Source: robot_agent/api/camera.py. ~250 lines, the file worth opening.

Frame lifecycle

sequenceDiagram autonumber participant FE as Browser (CameraFeed.tsx) participant WS as FastAPI WS participant ST as Stream thread participant ROS as ROS subscriber participant CAM as RealSense / Femto Bolt FE->>WS: open WS /ws/camera/head_rgb WS->>ST: start thread (Event + Thread) ST->>ROS: subscribe topic CAM-->>ROS: image_raw / compressedDepth ROS-->>ST: latest frame ST->>WS: asyncio.run_coroutine_threadsafe(send) WS-->>FE: { mode: "rgb"|"raw", w, h, raw: <base64> } Note over FE: depth: zlib-inflate uint16 → JET colormap → canvas FE->>WS: { depth_mode: "colored", dmin: 200, dmax: 1500 } Note over ST: mutates per-stream settings, read on next emit FE->>WS: close WS->>ST: signal Event → join

Why two depth modes?

ModeWire formatUse case
coloredTURBO-colormap JPEGdashboard, demos — small, pretty, but lossy
rawzlib(uint16)pixel-accurate mm hover, frame analysis, RoIs

The backend auto-ranges depth via 2nd/98th percentile clipping so the colormap stays useful regardless of scene depth.

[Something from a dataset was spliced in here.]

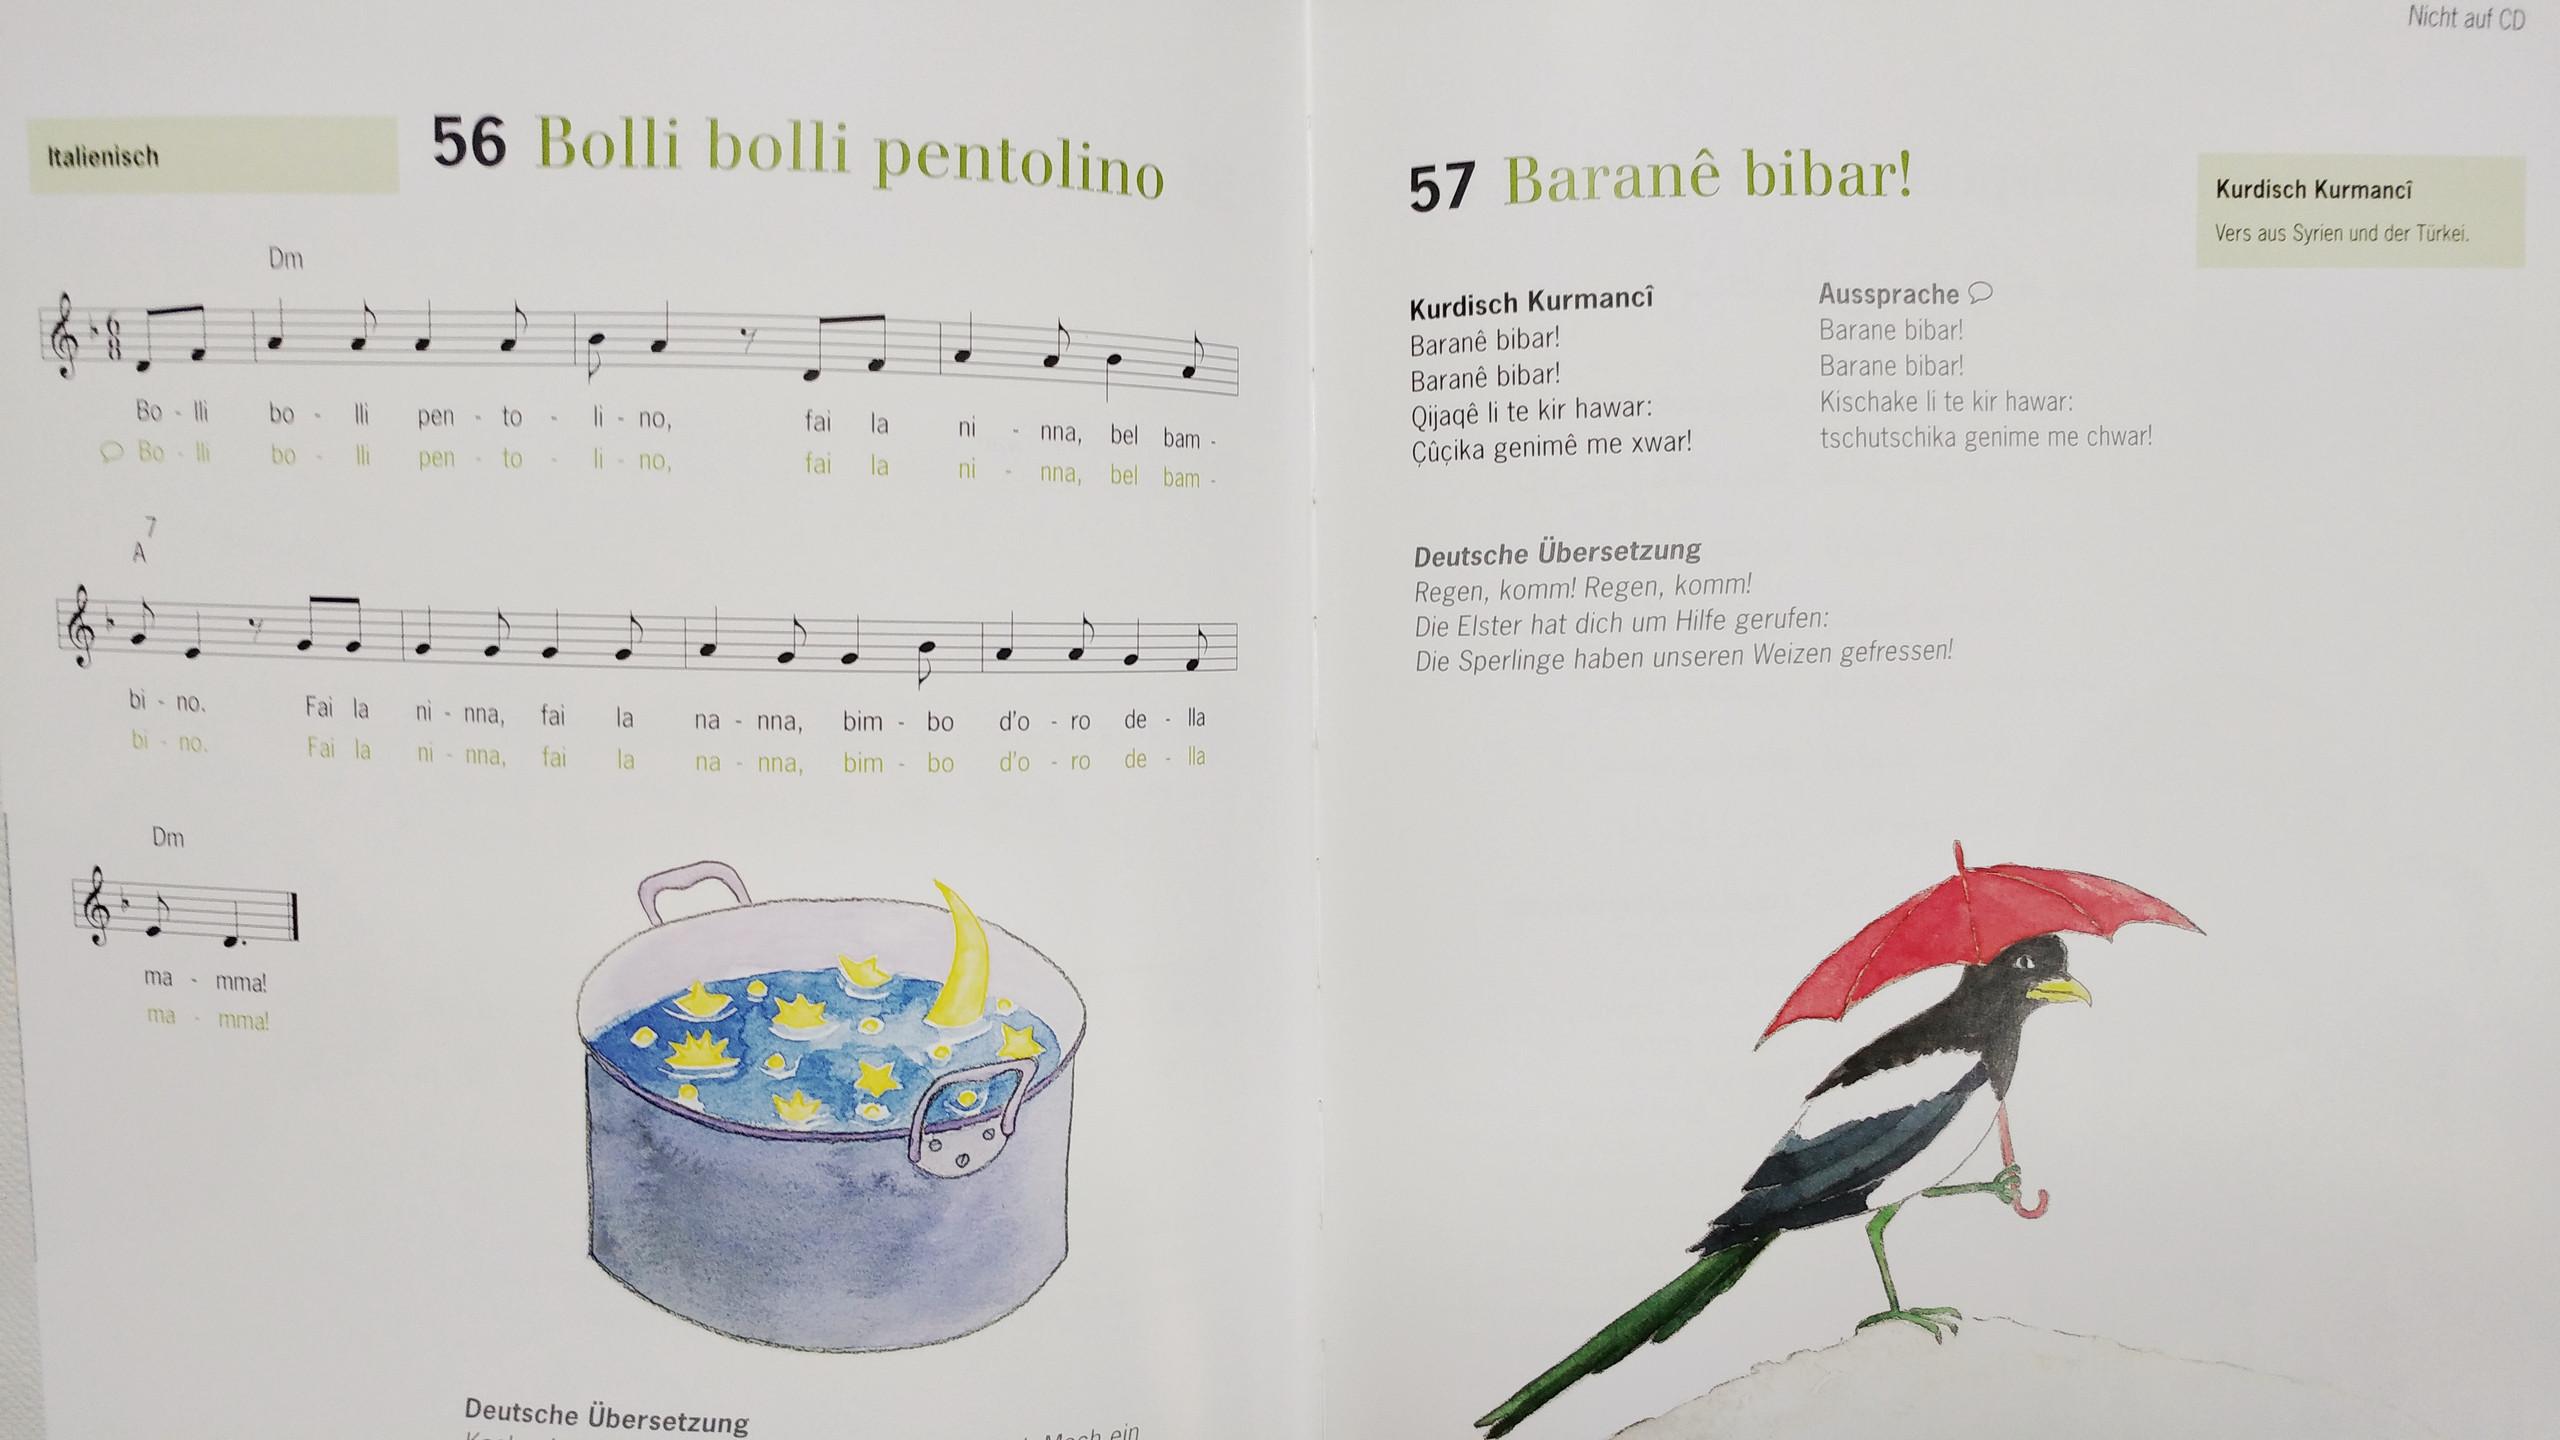 Bolli bolli pentolino + Baranê bibar

Polymorphic frame handling

The same endpoint accepts:

  • ROS sensor_msgs/Image16uc1, 32fc1 encodings
  • ROS sensor_msgs/CompressedImage — with or without the 12-byte compressedDepth header
  • raw numpy arrays (for WebRTC ingest paths)
  • dicts of {rgb, depth} (for skills emitting log_image)

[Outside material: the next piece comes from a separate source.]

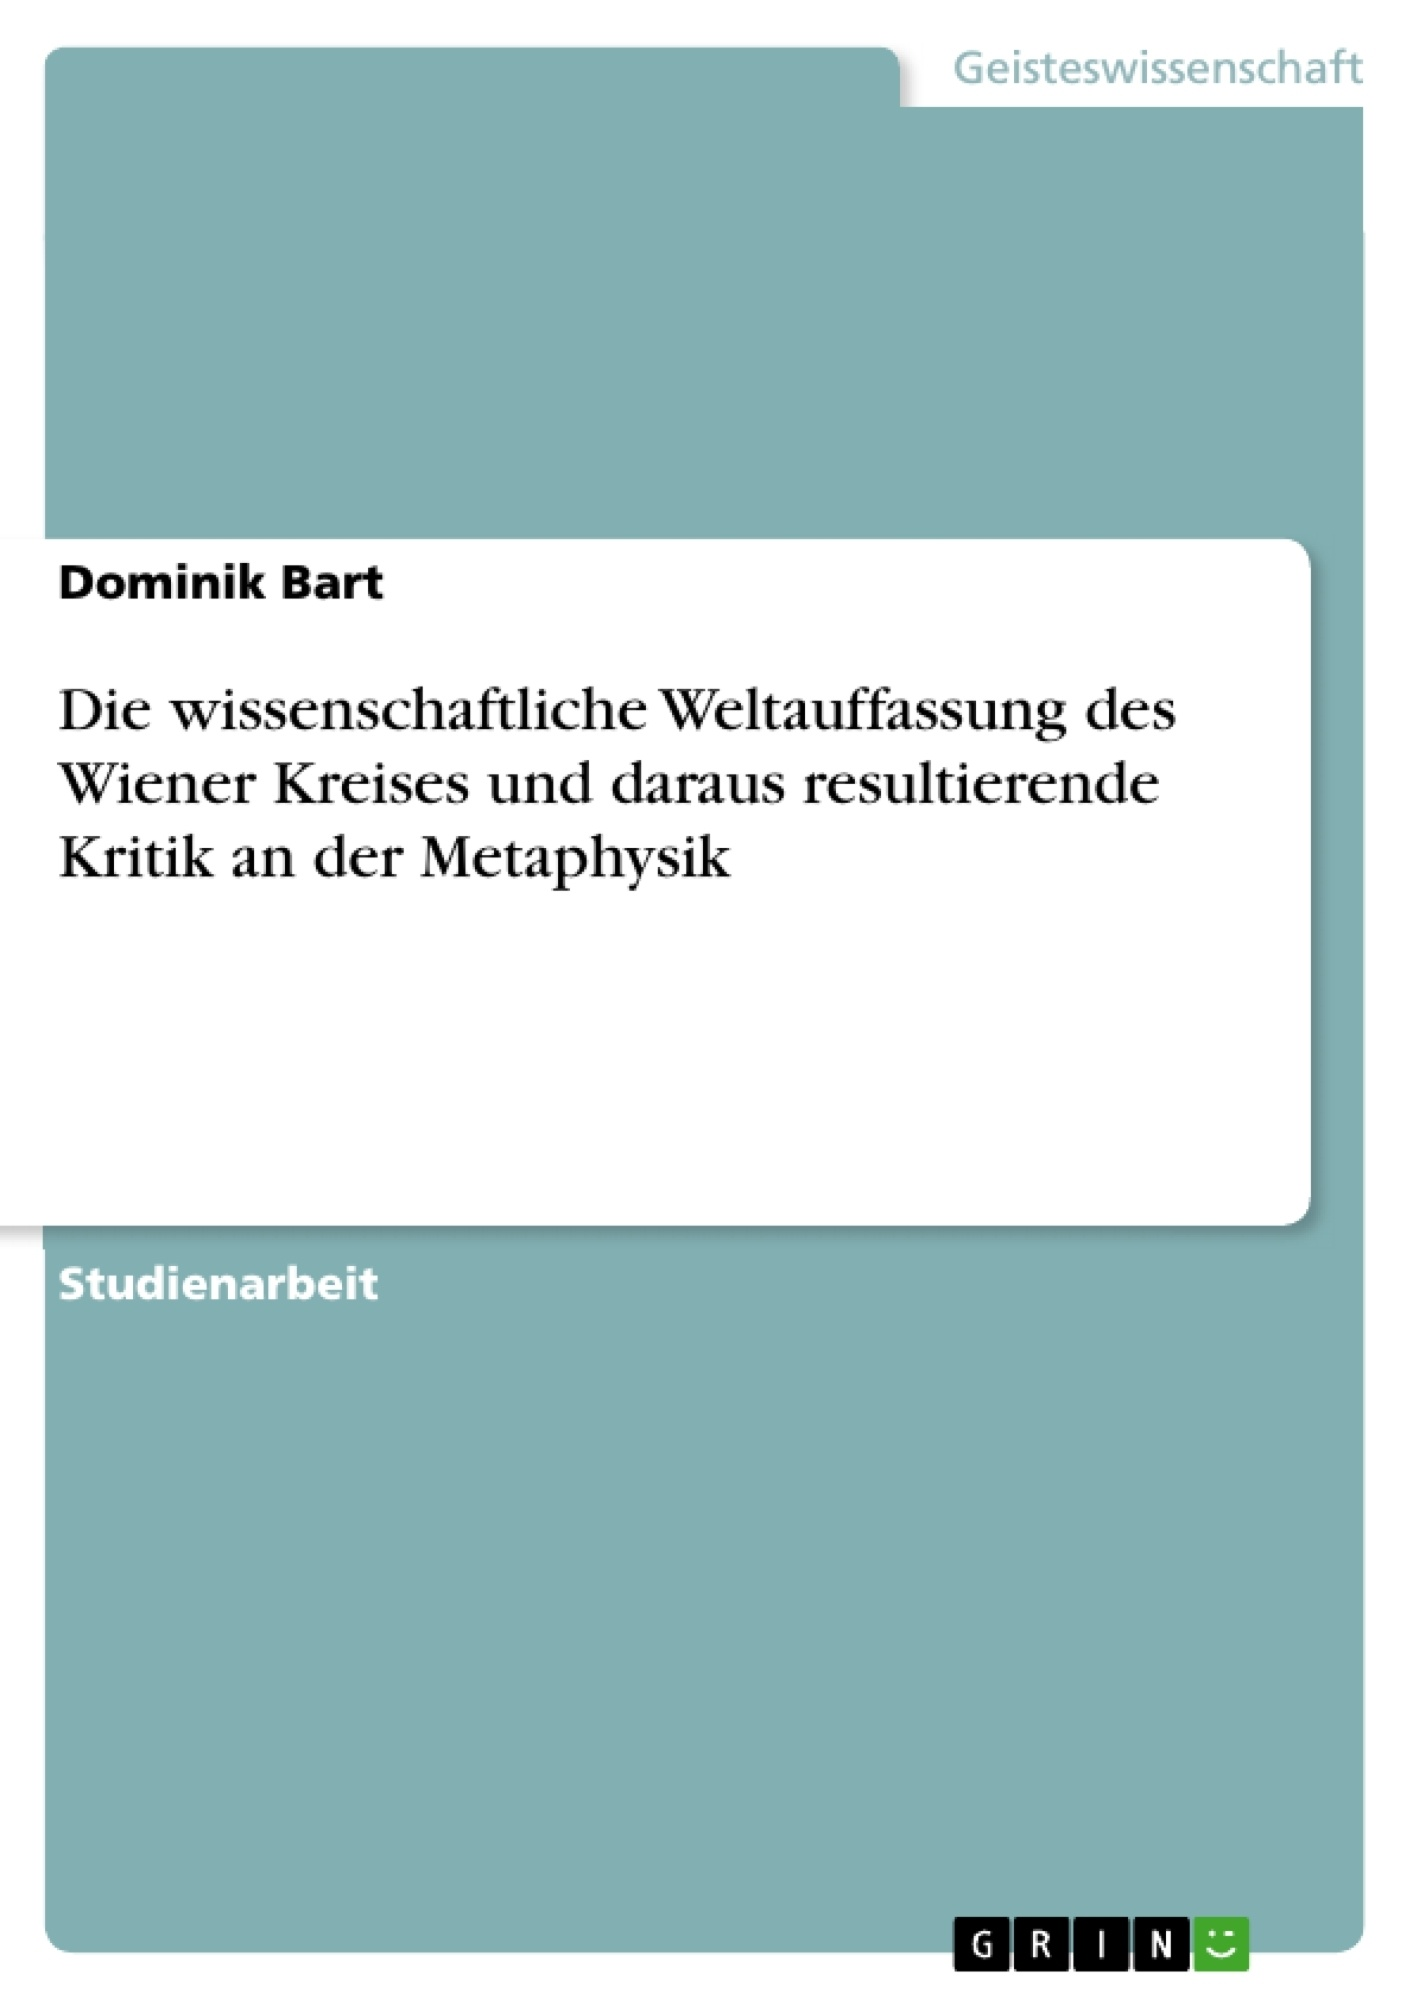 Titel: Die wissenschaftliche Weltauffassung des Wiener Kreises und daraus resultierende Kritik an der Metaphysik

_encode_frame() in camera.py is the funnel.

Plan stream — /ws/agent

The agent endpoint accepts one JSON message:

{
"prompt": "pick the apple",
"lang": "en",
"direct": false
}

…and emits a typed event stream:

sequenceDiagram participant FE as Browser participant WS as FastAPI WS participant UA as UnifiedAgent participant LLM as LLM planner participant SK as Skill thread FE->>WS: { prompt, lang, direct } WS-->>FE: { type: "start" } WS-->>FE: { type: "status", msg: "thinking..." } WS->>LLM: prompt + guide LLM-->>WS: plan (raw text) WS-->>FE: { type: "plan_raw", text: "..." } WS-->>FE: { type: "plan", steps: [...] } loop for each step WS->>SK: skill(node, **params) WS-->>FE: { type: "step_start", idx, name, params } SK-->>WS: log_image bytes WS-->>FE: { type: "step_log", image: <base64 JPEG> } SK-->>WS: { isdone: true, ... } WS-->>FE: { type: "step_done", idx, result } end WS-->>FE: { type: "done" }

Event types

TypeWhenPayload
startWS opened{}
statusmid-planning chatter{ msg }
translatednon-EN prompt → EN{ original, translated }
plan_rawLLM raw output{ text }
planparsed plan{ steps: [{name, params}, ...] }
step_starta step begins{ idx, name, params }
step_logmid-skill log image{ idx, image }
step_donea step ends{ idx, result }
doneplan complete{}
errorany failure{ msg, traceback? }

Why a typed event stream instead of polling?

  • Low latency: events are pushed as they happen, no fixed tick.
  • Cheap rendering: the browser only invalidates the affected step row.
  • No state drift: the server is authoritative; the client reflects.

Bridging sync and async

The hardest part of building the streaming layer is that ROS callbacks fire on background threads while FastAPI WebSocket sends are async. robot_agent handles this with one idiom, used in both camera and agent:

# inside the background skill / stream thread
asyncio.run_coroutine_threadsafe(
websocket.send_json(event),
main_loop # captured at WS-open time
)

This is the bridge between the rclpy executor’s thread pool and the FastAPI event loop. No asyncio.run_in_executor ping-pong, no manual queue, no lost frames.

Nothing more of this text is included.